Dienstag, 4. November 2014

"Kulinarischer Dienstag" - Papaya-Orangen Lebkuchen

Kleine, braune Lebkuchen mit fruchtiger Note


Der Mann schaut gerne Galileo. So ein Lifestyle-Magazin mit totalen Blödsinns- aber auch ein paar guten Reportagen. Da lernt man was, ab und an. Und letzte Woche kam ein Beitrag über Lebkuchen, und dass Nürnberger Elisenlebkuchen sowieso die aller besten sind. Und auch die teuersten. Die Tage werden kälter, man kann schon mal eine Kerze anzünden und der Mann wollte Lebkuchen. Aber nur Elisen!! Denn die sind fast ohne Mehl und mit ganz viel Nüssen. Edeka um die Ecke hatte keine Elisenlebkuchen, nur so eine Allerweltsmischung. Der Mann war nicht zufrieden. Mir fällt zwar ein Laden ein der diese sagenumwobenen Lebkuchen verkauft, sogar als Bruch in größeren Mengen, aber dieser Laden liegt geschätzte 500km von uns entfernt. Und zuletzt war ich da vor fünf Jahren, könnte eine Reise ins blaue sein.

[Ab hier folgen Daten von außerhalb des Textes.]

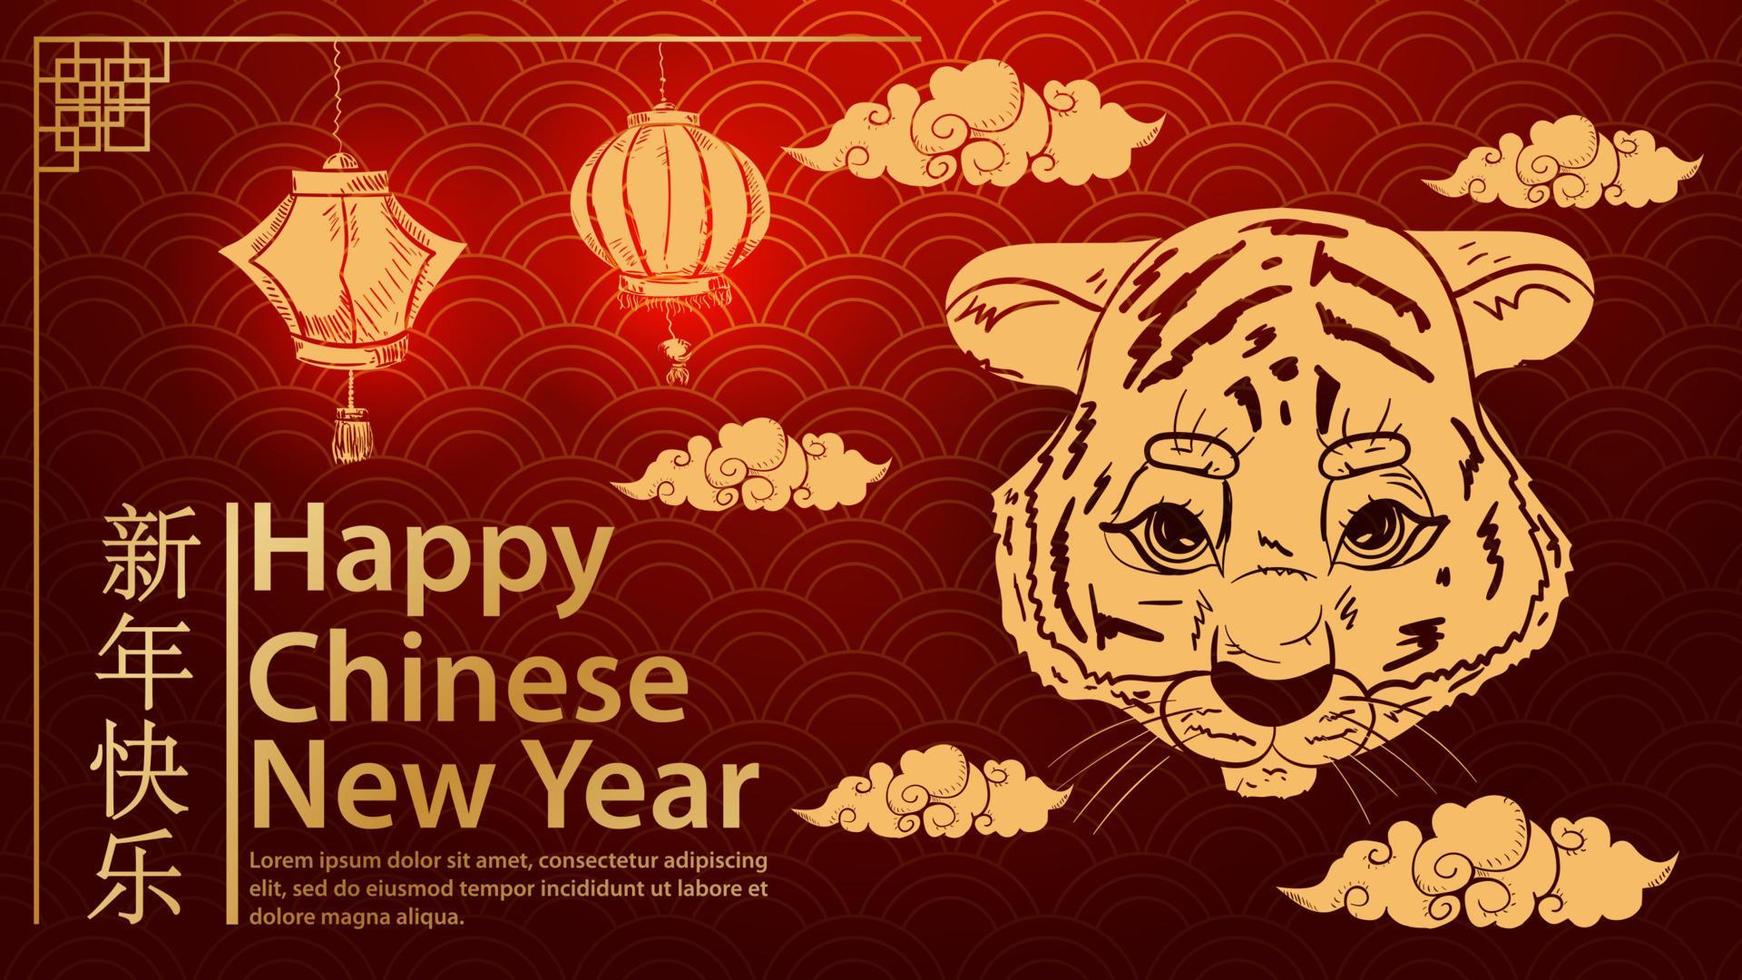 a cabeça de um pequeno filhote de tigre entre as nuvens é um símbolo do ano novo chinês e a inscrição parabéns onda de fundo vermelho vetor

Zwei Tage später, der Mann maulte noch, habe ich dann auch Hunger auf Lebkuchen bekommen. Und da war doch im letzten Winter so ein Rezept... kleine, braune Lebkuchen, ganz weich und ohne Mehl und das überaus lästige Orangeat... und hier also eine aufgepimpte Version meiner kleinen Lebkuchen aus dem letzten Weihnachtswinter. Dem Mann hast geschmeckt, wir lagen mit Milch- und Lebkuchenbauch wohlig eingekuschelt auf dem Sofa. Und heute morgen musste ich entdecken dass er die Blechdose mit den restlichen Lebkuchen mit zur Arbeit genommen hat der Geier. Naja, mach ich mir schnell noch eine Portion. Die hab ich aufgefuttert bevor er heute Abend von der Arbeit kommt.




Man braucht:

100g gemahlene Haselnüsse
100g gemahlene Mandeln
100g geraspeltes Marzipan
100g brauner Zucker
1 EL Mehl
1 TL Zimt
2 TL Lebkuchengewürz
30g getrocknete Papaya
50g Orangenmarmelade 
eine Prise Salz
3 Eiweiß
ca. 40 Backoblaten 

Die trockenen Zutaten in einer Schüssel mischen. Papaya sehr klein hacken, Marzipan raspeln oder alternativ kleinschneiden und unter die Nuss-Mehl-Mischung rühren. (Gut gekühltes Marzipan raspelt sich leichter.) Jetzt Marmelade (am besten eine mit ordentlichen Orangenstückchen drin, gibt zusätzlich einen fruchtigen Biss) und die Eiweiß in die Schüssel geben. Alles per Hand zu einem geschmeidigen Teig verkneten. Zwei Bleche mit Backpapier auslegen und die Oblaten darauf verteilen. Den Teig in einen Spritzbeutel füllen oder in einen Gefrierbeutel an dem Ihr eine Ecke abschneidet. Den Teig gleichmässig auf den Oblaten verteilen. Mit nassen Fingern die Oberfläche glatt streichen und dann bei 170°C Umluft ca. 12 Minuten backen bis die Oberfläche leicht gebräunt, das innere der Lebkuchen aber noch schön feucht ist. Nach dem Auskühlen vor gierigen Männern in einer Blechdose verstecken.